» **Requirement**: Among the entries below, one line contains "Chanel Vanity Small" and another contains "leh-ladakh-introduction-tour-package". Transcribe those two lines and every line between them, exactly.

» **Supplied data**:
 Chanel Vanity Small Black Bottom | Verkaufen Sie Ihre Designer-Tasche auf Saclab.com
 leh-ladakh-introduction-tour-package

--

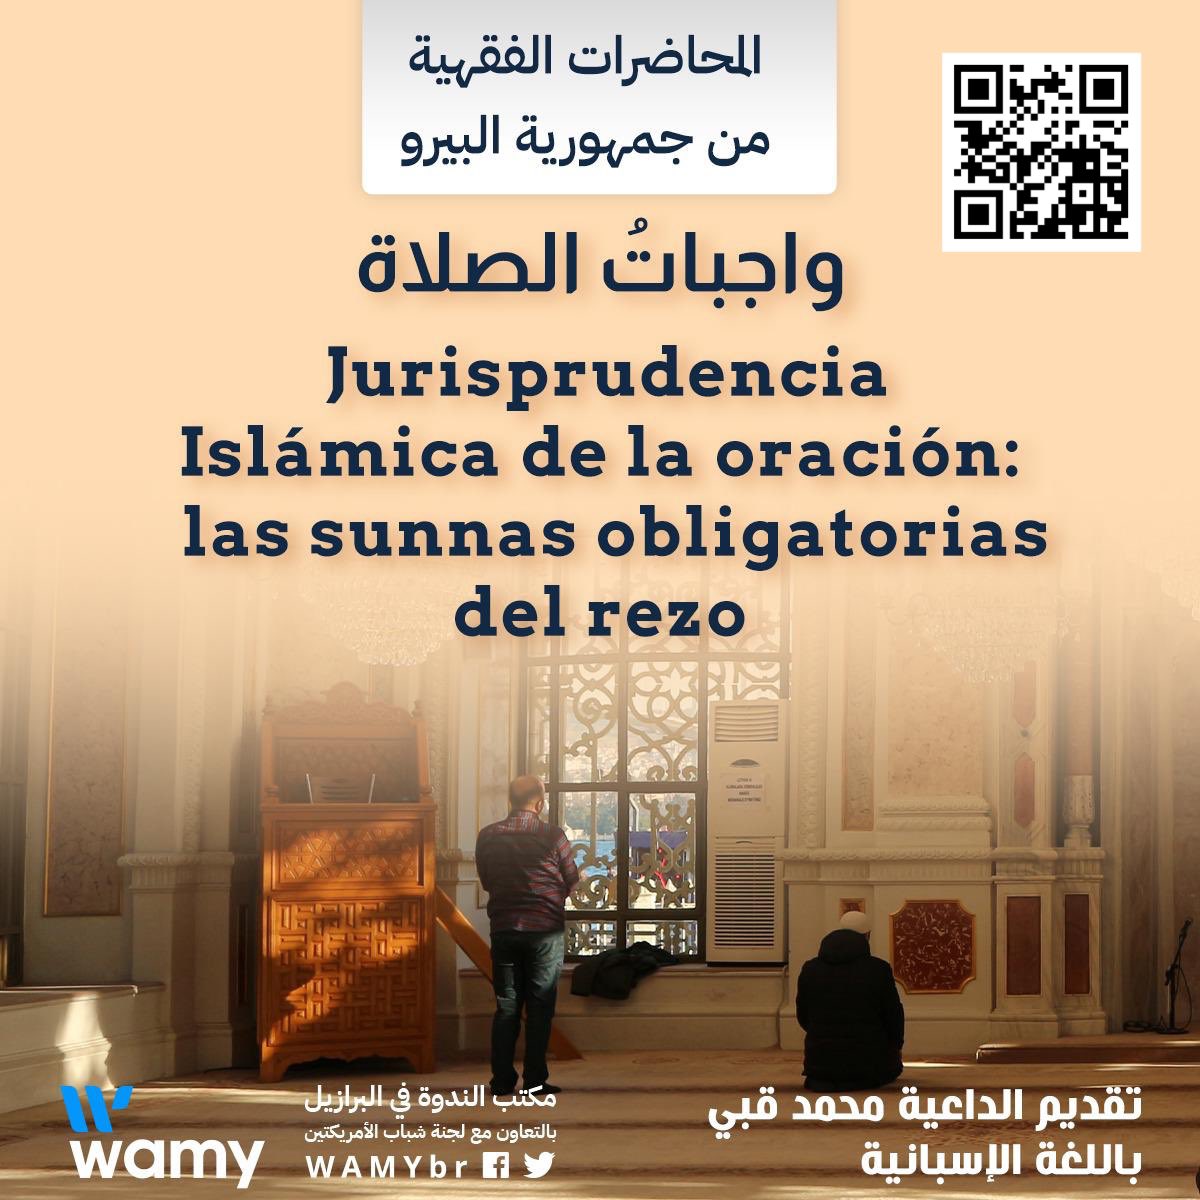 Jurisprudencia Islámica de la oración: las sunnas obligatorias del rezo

» **Response**:
 Chanel Vanity Small Black Bottom | Verkaufen Sie Ihre Designer-Tasche auf Saclab.com
 leh-ladakh-introduction-tour-package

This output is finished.